Critically, when a result like that becomes part of the published record, there has to be a way of disconfirming it. Considering an experiment failed because a hypothesis was not confirmed, means that null findings won’t get published. What we end up with in the literature is a whole lot of random noise, which nobody gets to correct.
The author of the post is a professor at Cornell, well cited and successful. The post stings because there is truth to it – the person producing such noise folded into compelling narratives might well be more likely to make it in academia than the person who would publish the null result instead. I was not the only one to think it must be satire. But it’s certainly educational. Too good to be true, such a description of the driving forces of the replication crisis laid bare, for all eyes to see.
Andrew Gelman
Hi, it’s actually not so clear that the story happened exactly as Wansink described it (see P.P.P.S. here: http://andrewgelman.com/2016/12/15/hark-hark-p-value-heavens-gate-sings/), which points to a paper that claimed that that The Turkish Woman collected the data herself, which contradicts the claim in the blog post that she came into the study after the experiment had been performed.
To me, the worst thing about the entire episode–even beyond the Bruno-Frey-like move of writing four papers that manage to cite zillions of other Wansink articles without citing each other– is that Wansink never gets around to stating his Plan A that motivated the experiment but which, in his telling, “failed.”
That should be news, no? If you really care about your research and you think you have a great idea, and then it doesn’t work, I’d think you’d want to share that with the world, as this is one lead that nobody needs to follow up. It seems like poor research practice to keep one’s failures a secret. If you have the energy to publish 4 separate papers about bad ideas that seemed to have worked, why not publish 1 paper about the good idea that failed?

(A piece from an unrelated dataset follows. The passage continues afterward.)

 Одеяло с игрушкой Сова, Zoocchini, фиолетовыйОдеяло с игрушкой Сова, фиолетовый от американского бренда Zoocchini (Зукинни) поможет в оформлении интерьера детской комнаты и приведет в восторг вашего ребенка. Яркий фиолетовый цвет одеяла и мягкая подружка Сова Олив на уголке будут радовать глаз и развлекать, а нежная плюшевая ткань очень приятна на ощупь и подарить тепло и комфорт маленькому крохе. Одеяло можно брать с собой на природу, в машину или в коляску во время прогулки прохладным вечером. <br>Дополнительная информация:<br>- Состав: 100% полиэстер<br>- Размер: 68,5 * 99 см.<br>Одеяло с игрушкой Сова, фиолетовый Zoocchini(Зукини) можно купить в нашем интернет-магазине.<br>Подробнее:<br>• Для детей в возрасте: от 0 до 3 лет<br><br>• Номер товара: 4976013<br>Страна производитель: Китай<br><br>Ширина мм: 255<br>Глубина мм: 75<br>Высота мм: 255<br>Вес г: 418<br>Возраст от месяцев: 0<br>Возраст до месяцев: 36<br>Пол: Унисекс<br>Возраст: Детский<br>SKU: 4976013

It’s not like he’d even need to write a new paper, even: he could’ve just added it to the existing paper, explaining that the study was motivated by a certain attractive hypothesis that was not borne out by the data.

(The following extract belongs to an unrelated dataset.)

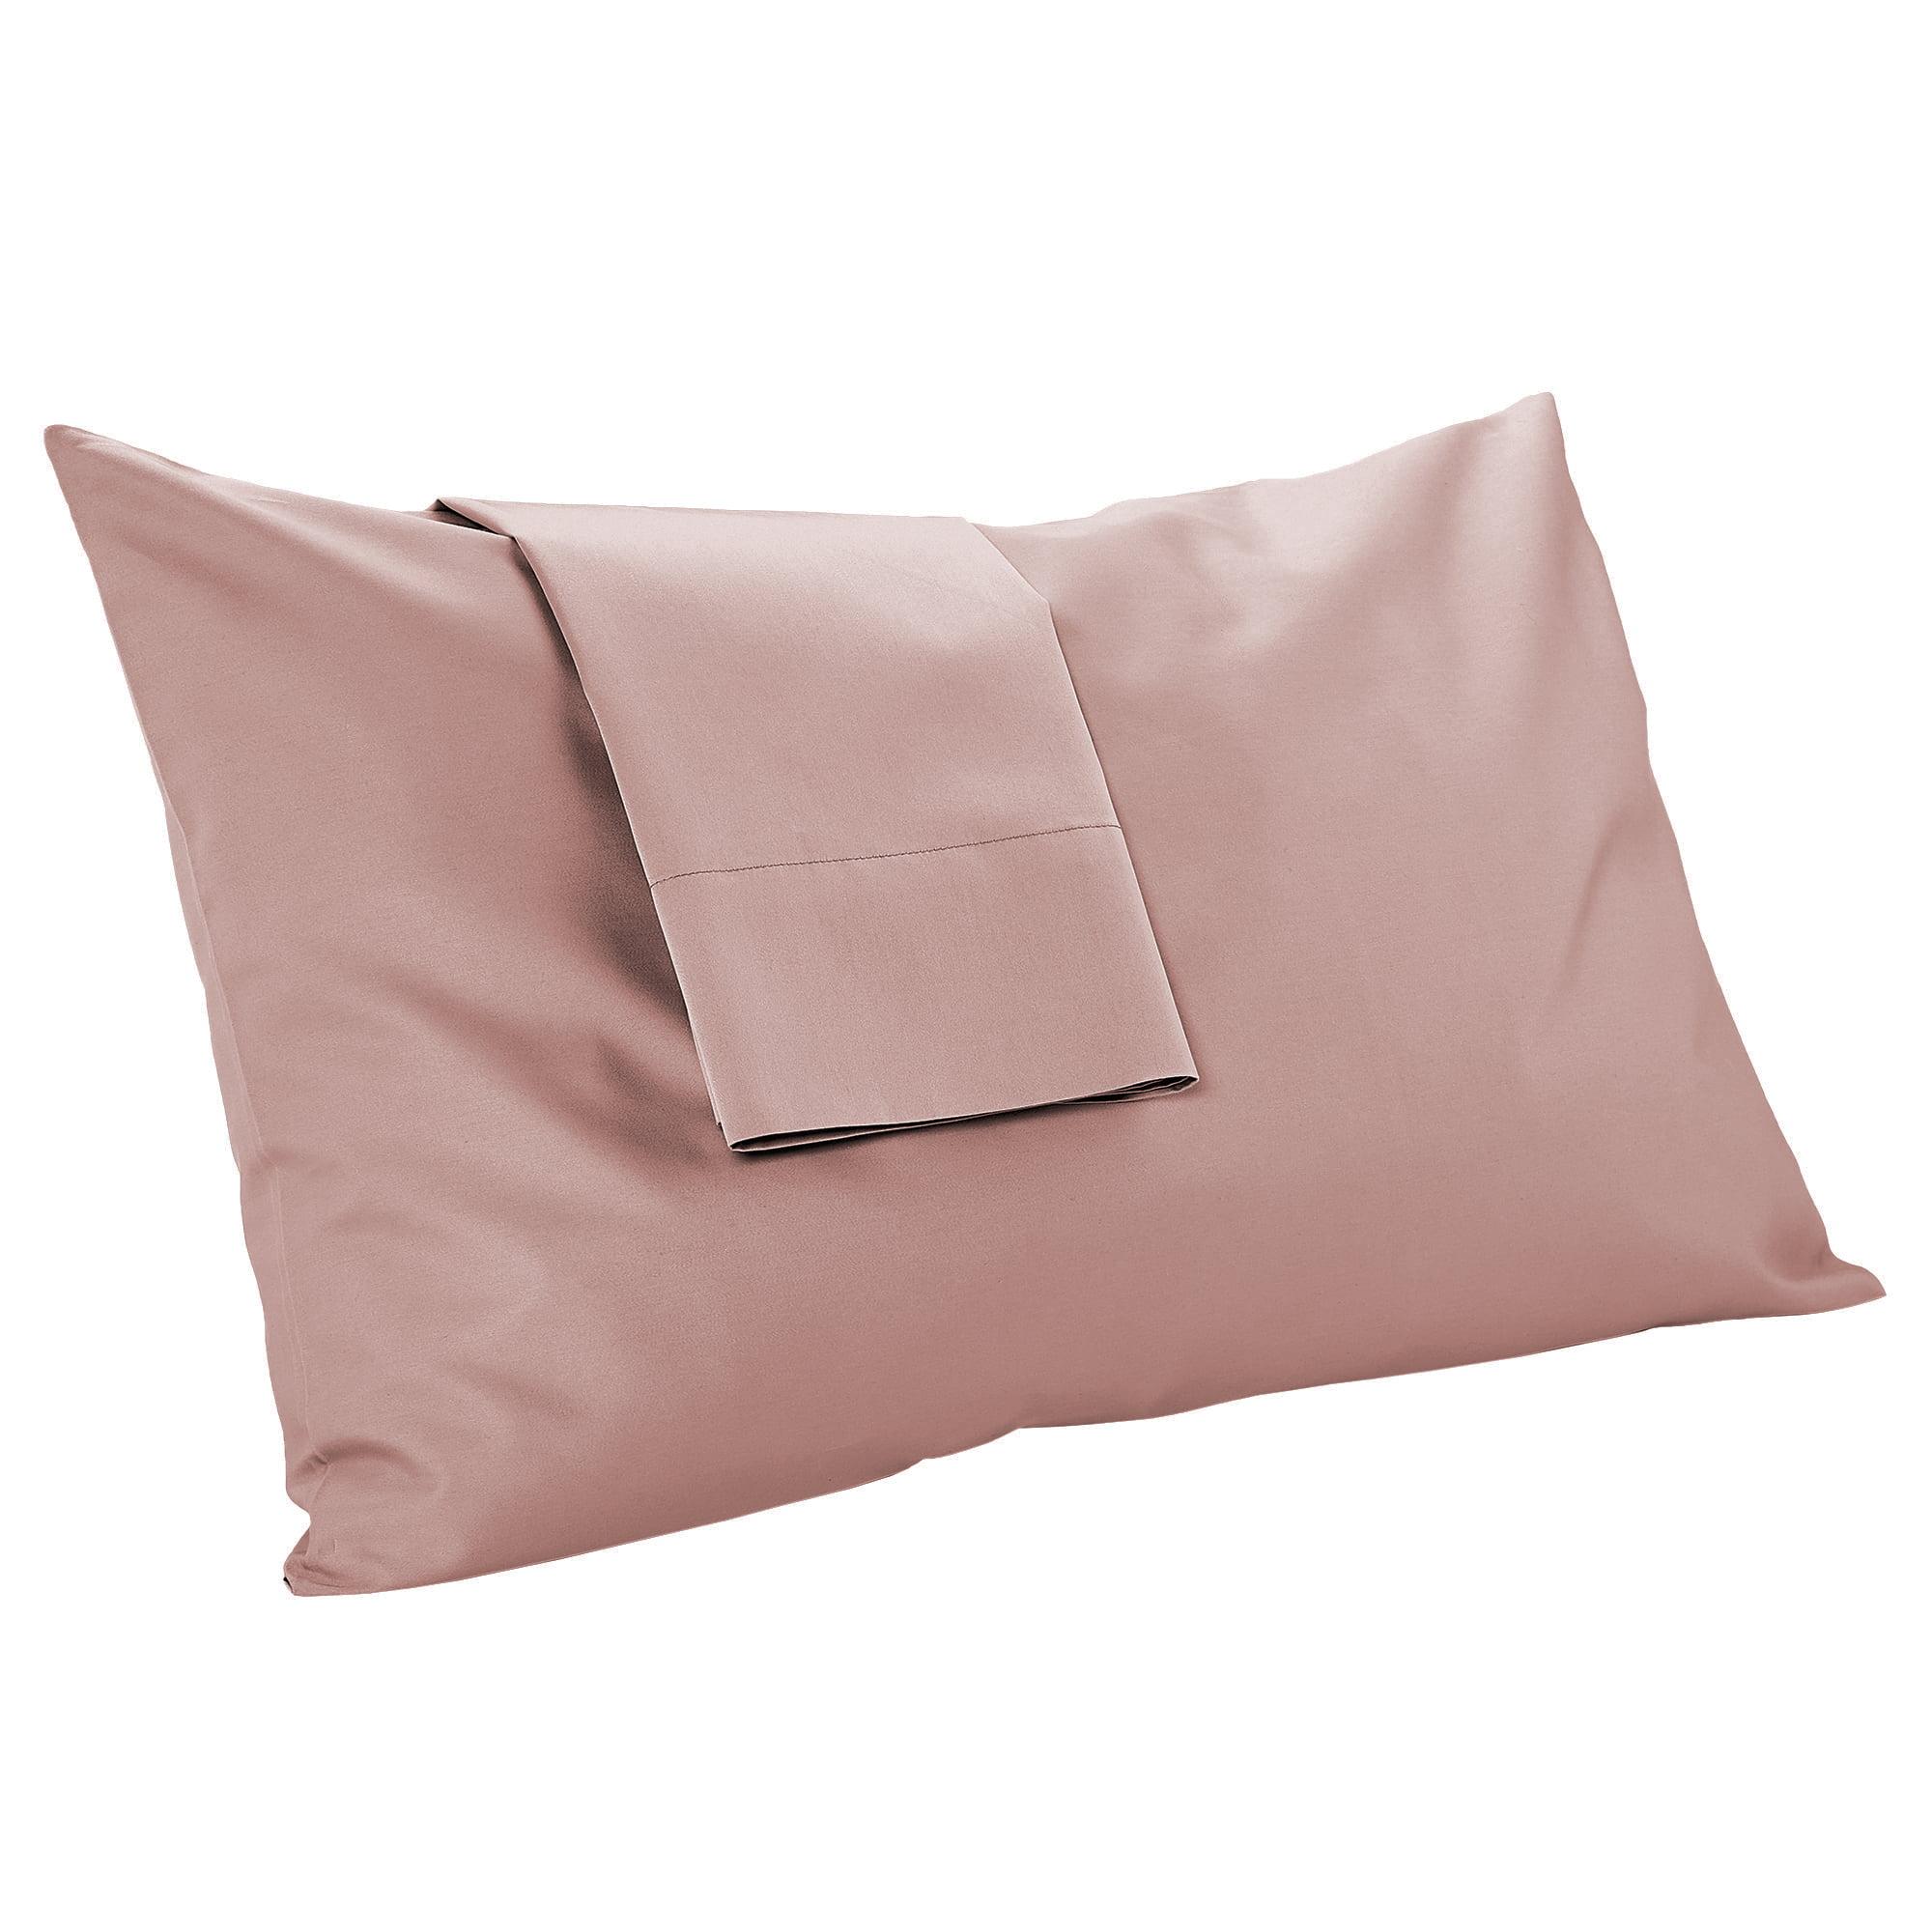 mypillow pillowcase set queen dusty rose long staple egyptian cotton giza dreams

This is supposed to be science, right? Not “Freakonomics.”
Ana
That’s odd about mentioning her as someone who collected the data.

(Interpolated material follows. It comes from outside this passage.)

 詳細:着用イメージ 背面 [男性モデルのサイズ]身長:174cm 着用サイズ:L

My impression is that his intentions are fully good – he’s spreading the word on how to make it in science, and doesn’t know how problematic these research practices are. His next post was on how to storify your findings, how to make them appealing. I almost feel sorry for him for getting into the line of fire.
Of course the sting for me is that he is also describing what goes on in cognitive neuroscience all the time. It’s sensible to look at the data as you go along, but then you’re biasing yourself, and we have no good set of standards for reporting these (perfectly valid) exploratory behaviours.
As for his post, the biggest problem is the general attitude towards nulls of course. Not just the ‘failed’ experiment, but the other tests and variables he doesn’t report on. If it wasn’t significant, it doesn’t matter, it shouldn’t be mentioned. Just change that and the entire approach would change.